Classification of Respiratory Disease Flashcards
Diseases
Deviation from or interruption of normal structure/function of any body part, organ, or system
Deviation from homeostasis
Manifested through a characteristic set of signs and symptoms whose ethology, pathology, and prognosis may be known or unknown
Disorder
A derangement or abnormality of a function
Morbid physical or mental state
Something that results from a disease
Acute
Illness that appear quickly and can be serious or life threatening
After the illness ends the patients should return to normal
Chronic
Illness of a long duration
Describes a disease that has a slow prognosis
Classification Between Obstructive and Restrictive Diseases
Based on history, clinical manifestation, and pulmonary function studies
Obstructive Lung Diseases
Obstructive lung disease is a disease that is characterized by the patient decreased ability to fully exhale
Increase airway resistance is the major contributing factor in the obstructive disease process
Reasons: Mucus plug where air cant get out, Airway collapse because walls have loss elastic quality and air is stuck in there
Ex. COPD, asthma
RESTRICTIVE LUNG DISEASE
Restrictive lung disease is a disease that is characterized by a loss of lung volume
Decreased pulmonary compliance major contributing factors in restrictive processes
There is something wrong with the structure of the lung making them stiff and hard
So there is a lot of area that will not expand and is not wasted space that could have had oxygen but now is not usable making the whole system less efficient
Ex. Fibrosis (too much scare tissue), chest wall diseases (muscular diseases), problems in tissue of lungs
Upper Airway
nasal cavity, oral cavity, pharynx, and larynx
Etiology of Upper Airway Obstruction
All of these obstructions can be partial or complete/full-Pt. status will reflect if it is a partial or full obstruction
Causes/Etiology are divided into three major categories
1) Intraluminal Obstruction
2) Intramural Obstructions
3) Extramural Obstruction
Intraluminal Obstruction
Something inside of the airway lumen that is blocking/narrowing the airway
Ex. Foreign bodies, secretions
Intramural Obstructions
Lesion inside bronchial wall, swelling
Ex. Neoplasms
Extramural Obstruction
External pressure causing airway narrowing
Ex. Enlarged lymph nodes, carcinoma, and lymphoma
Pathologies of Upper Airway Obstruction
Rhinitis
Croup
Epiglottitis
Obstructive Sleep Apnea
Laryngeal paralysis
Tracheal stenosis-often occurred when we are extubating after a long time
Foreign Body Tetanus (Lockjaw)- bacterial infection that involves jaw and neck
A soft tissue obstruction (tongue blocking airway) is the most common type of upper airway obstruction
Signs of Upper Airway Obstruction
- Hot Potatoe Voice
- Difficulty Swallowing Secretions-Drooling
- Dyspnea
- Stridor-Mean obstruction immenient
Lower Airway
bronchi, bronchioles, and alveoli
Causes of Lower Airway Obstruction
Emphysema
Chronic Bronchitis
Asthma
Cystic Fibrosis
Bronchiectasis
Bronchiolitis
Bronchial compression (tumor)
Endobronchial tumors
Foreign Body
Mucous plugging
Conditions that lead to a decrease in compliance
Lung compression (e.g., secondary to a pneumothorax or pleural effusion)
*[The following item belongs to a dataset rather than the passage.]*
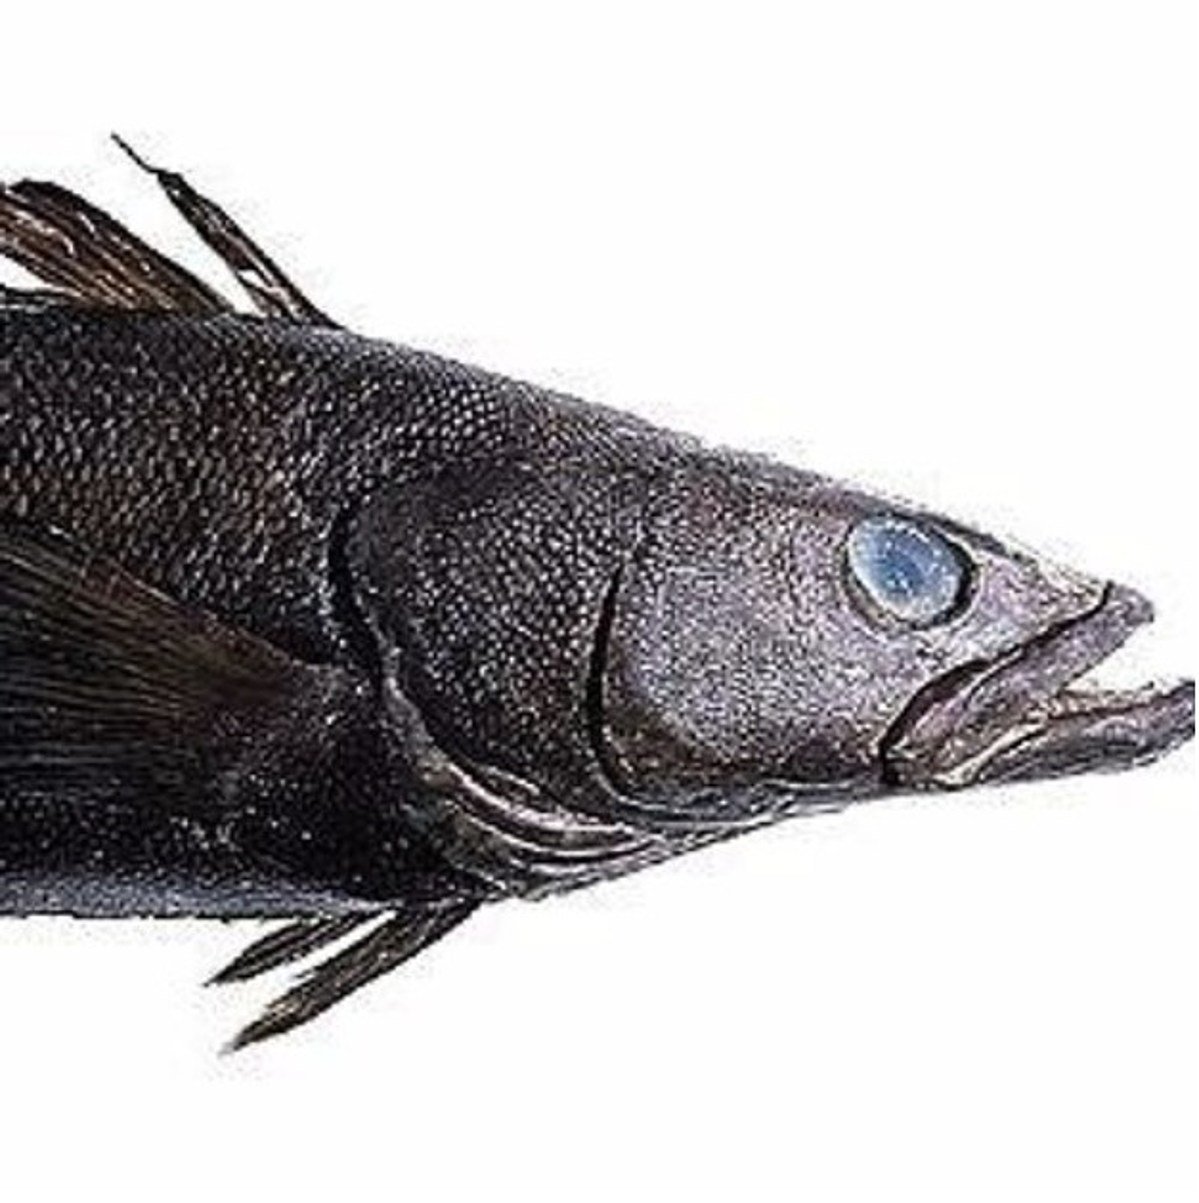 Как выглядит масляная рыба фото с головой

Atelectasis (e.g., secondary to a pneumothorax, flail chest, or mucus plugging)
Consolidation (e.g., pneumonia)
Calcification (e.g., tuberculosis, asbestosis)
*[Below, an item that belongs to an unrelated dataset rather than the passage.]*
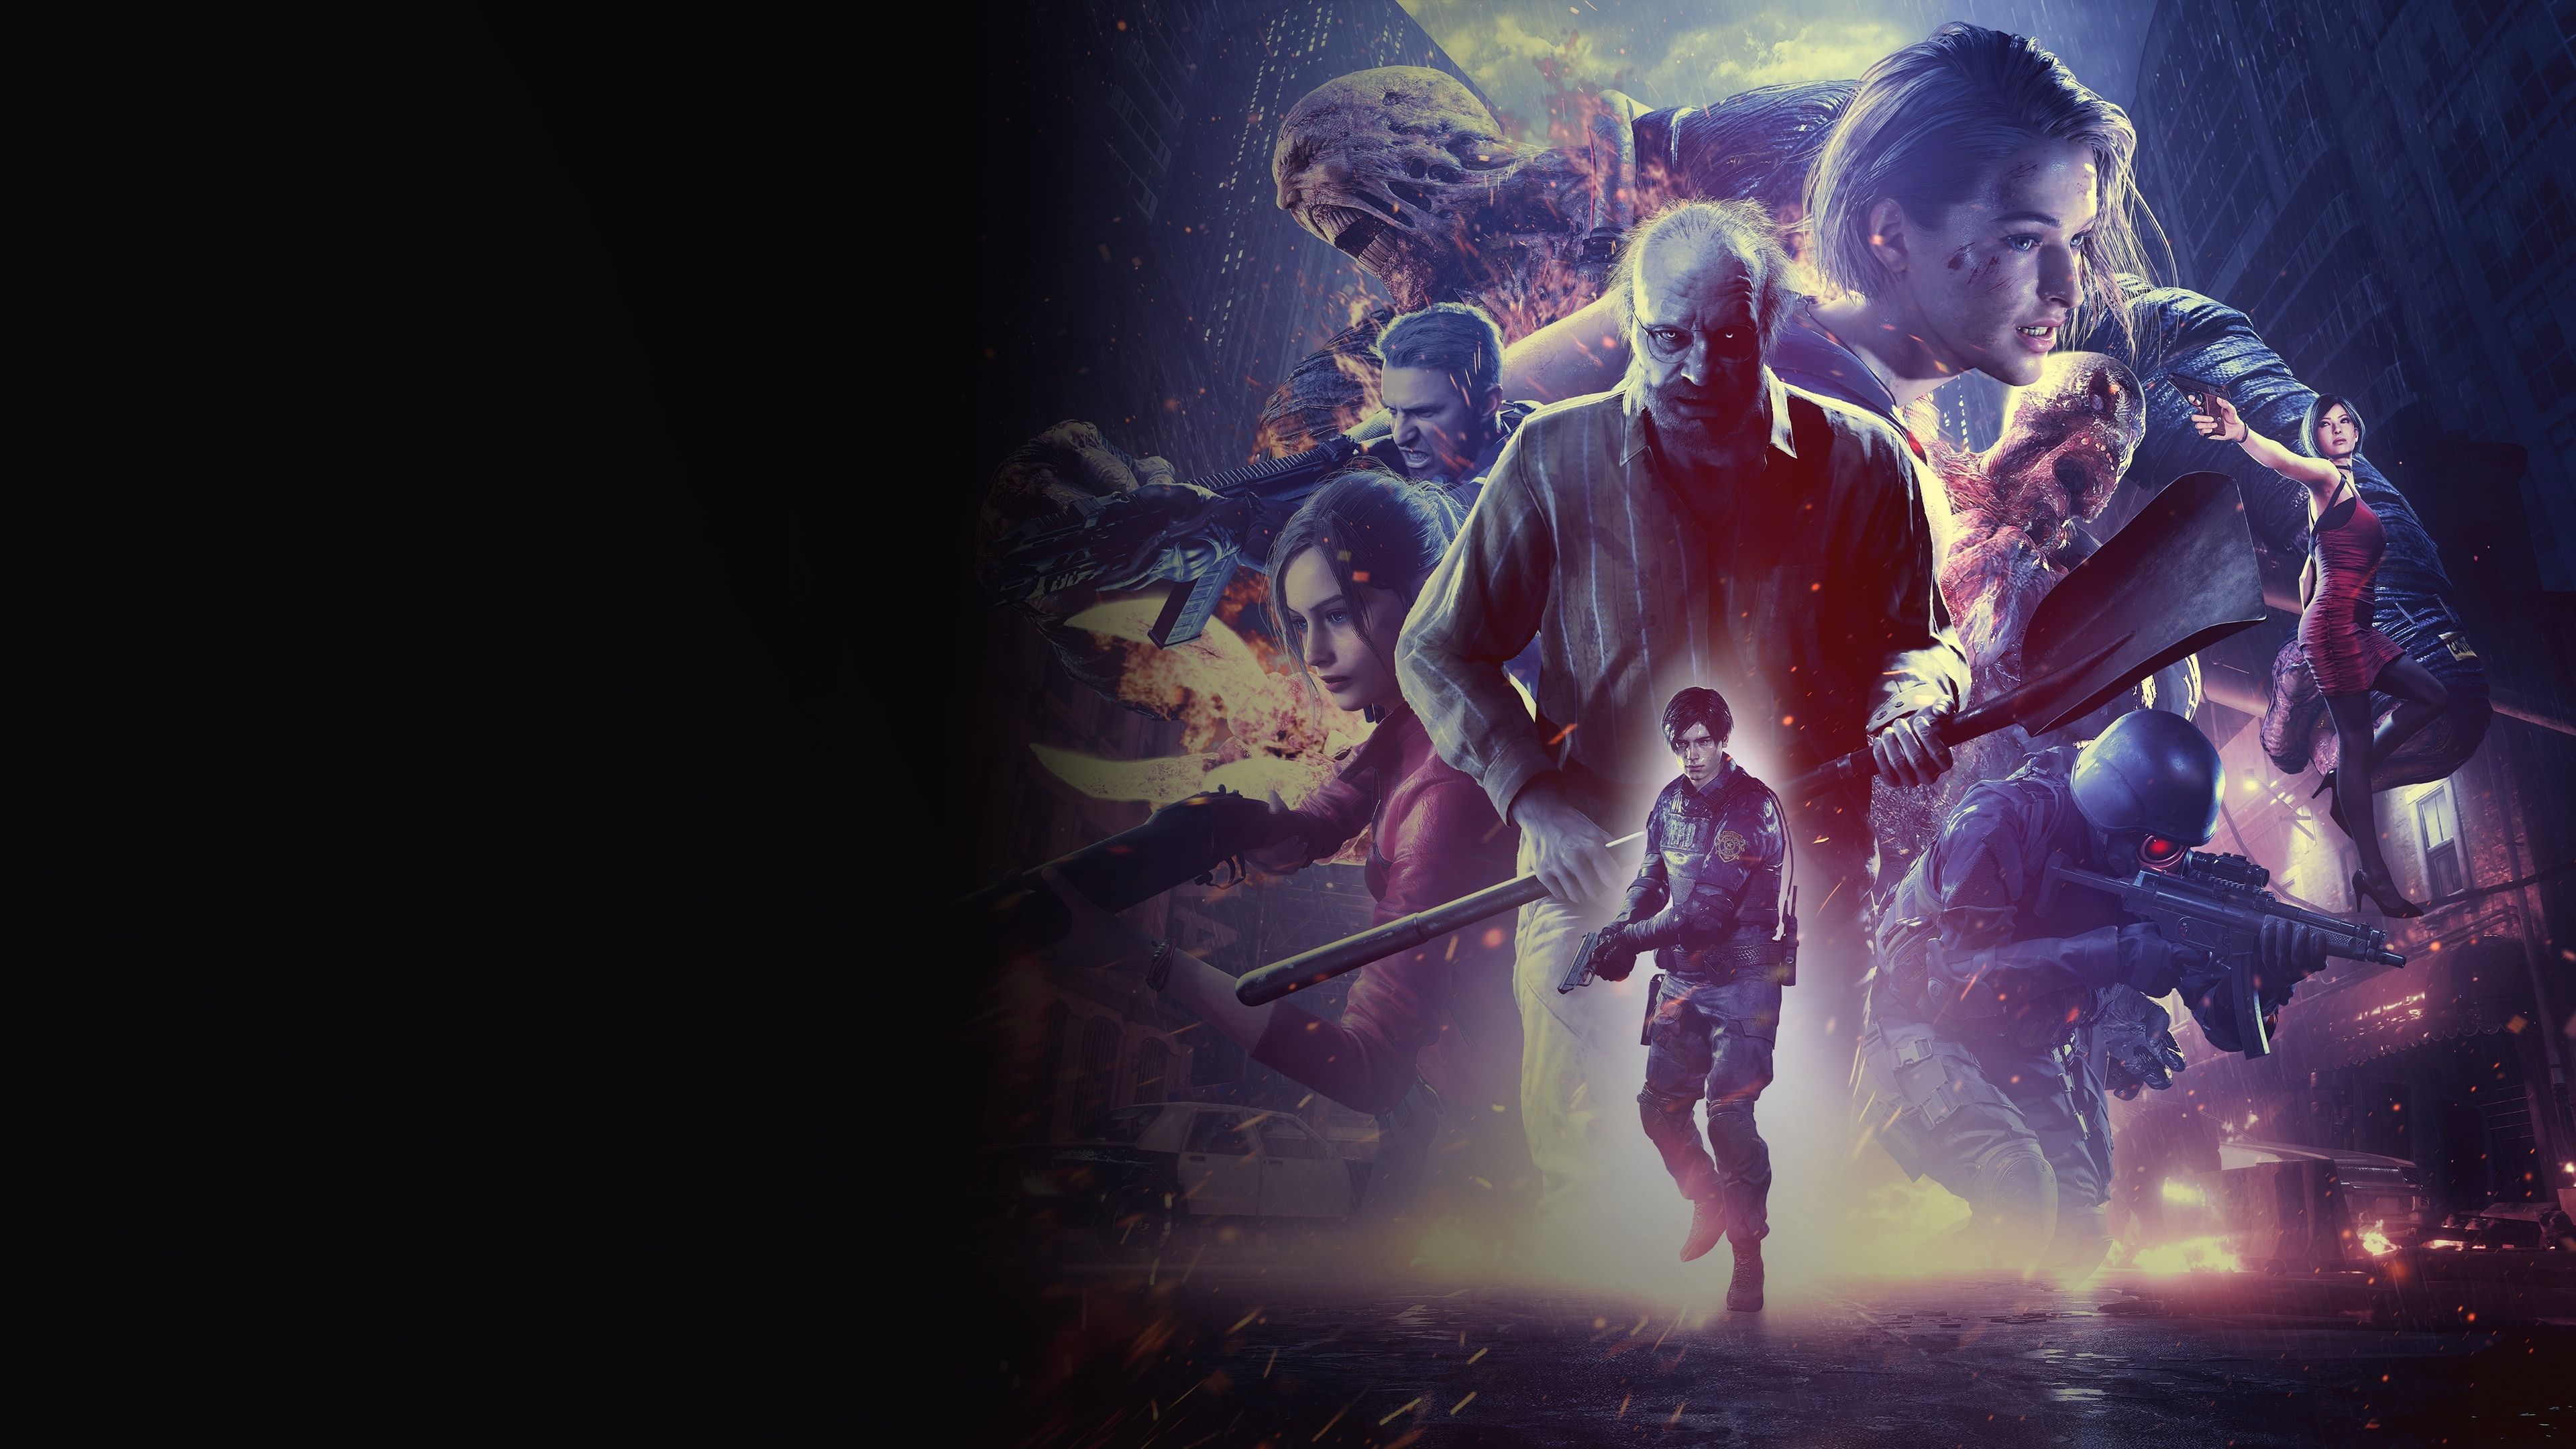 New Resident Evil Re:Verse 2021 Wallpaper, HD Games 4K Wallpaper, Image, Photo and Background Den. Resident evil, Evil, Wallpaper

Fibrosis (e.g., pneumoconiosis, chronic interstitial lung diseases such as sarcoidosis)
Bronchogenic tumor (e.g., squamous cell carcinoma)
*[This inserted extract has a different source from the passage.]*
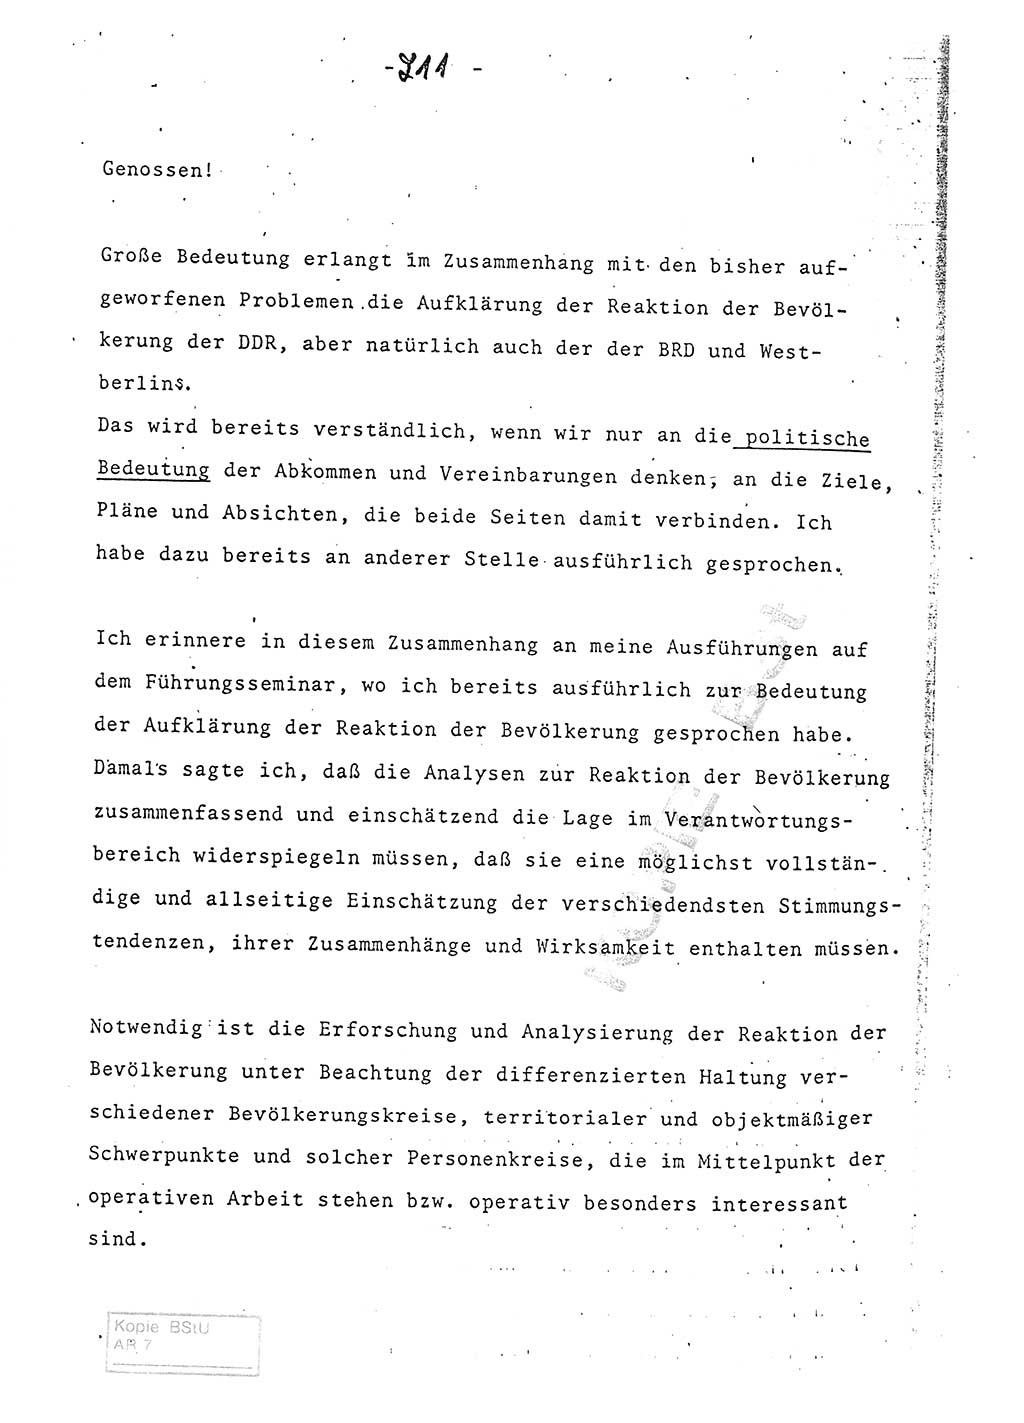 Referat (Entwurf) des Genossen Minister (Generaloberst Erich Mielke) auf der Dienstkonferenz 1972, Ministerium für Staatssicherheit (MfS) [Deutsche Demokratische Republik (DDR)], Der Minister, Geheime Verschlußsache (GVS) 008-150/72, Berlin 25.2.1972, Seite 211 (Ref. Entw. DK MfS DDR Min. GVS 008-150/72 1972, S. 211)

Cavitations (e.g., tuberculosis, lung abscess)
Intrapulmonary Causes
Includes interstitial disorders and alveolar disorders
Interstitial disorders
Disorder of the lung tissue itself that results in a decrease in compliance of the lung tissue Eg. Idiopathic pulmonary fibrosis (scarring/remodeling around the lungs), increase A/C membrane, atelectasis, surfactant dysfunction
Alveolar Disorders
Occurs in the alveolar space, when the alveolar space is “full” of substances other than air Ex. Pneumonia, CHF, Alpha 1 antitrypsin disorder, pulmonary edema
Extrapulmonary Disorders
Includes pleural, skeletal/thoracic
Extrapulmonary Pleural Disorders
Pathological disorder of the pleural membrane, and lung expansion will be restricted as there is something occupying the pleural space Pleurisy- Exudate on pleural surface which will increase friction (painful) Ex. Pneumonia, infection, and neoplasms, Pneumothorax, pleural effusion, hemothorax (blood in pleural space, and emphysema
Extrapulmonary Skeletal/Thoracic
Chest Trauma-Single, multiple rib fractures (splinting), Flail chest, Fracture of sternum, Hemothorax/pneumothorax Obesity-Decreased ability to move high mass tissue Deformities of the spine-Structural changes of muscles or bones, Scoliosis, kyphosis, kyphoscoliosis Deformities of Chest Cage-Reduced compliance of chest cage, Pectus excavatum/carinatum, ankylosing spondylitis
Extrapulmonary-Neuromuscular
Interference of nerve transmission or decrease respiratory muscle function-Diaphragm Inability to generate normal respiratory pressures-Decreases TLC, increase RV, and normal FRC Normal lung/chest wall compliance-If you don’t inhale it you cant exhale it
Neurological Disorders
Spinal Cord Transection
Trauma Amyotrophic Lateral Sclerosis
Progressive muscle wasting
Guillian-Barre Syndrome-Grounded to brain ascending paralysis
Myasthenia Gravis-Destruction of myelin sheath
Muscular Dystrophy-Progressive weakness and loss of skeletal muscle
Obstructive Pulmonary Disorder Clinical Manifestation
Dyspnea on exertion Cough - productive Hyper-resonant percussion notes-Sounds like you are beating on a drum due to air trapping Wheezing Diminished breath sounds Diminished heart sounds Prolonged expiration
Restrictive Pulmonary Disorder Clinical Manifestation
Dyspnea on exertion Non productive cough Hypo-resonant or normal percussion notes Fine bilateral inspiratory crackles Rapid shallow breathing
PULMONARY DIFFUSION CAPACITY
Decreased DLCO is a hallmark finding in emphysema
Decreased if combined with moderate to severe atelectasis, consolidation, A/C membrane thickness increases
Types of Obstructive Lung Diseases
Chronic Bronchitis Emphysema Asthma Bronchiectasis Cystic Fibrosis
Type I Respiratory Failure
Oxygenation Failure “a more specific term indicating an arterial oxygen tension of less than 60 mmHg despite an FiO2 of 0.50 or higher.”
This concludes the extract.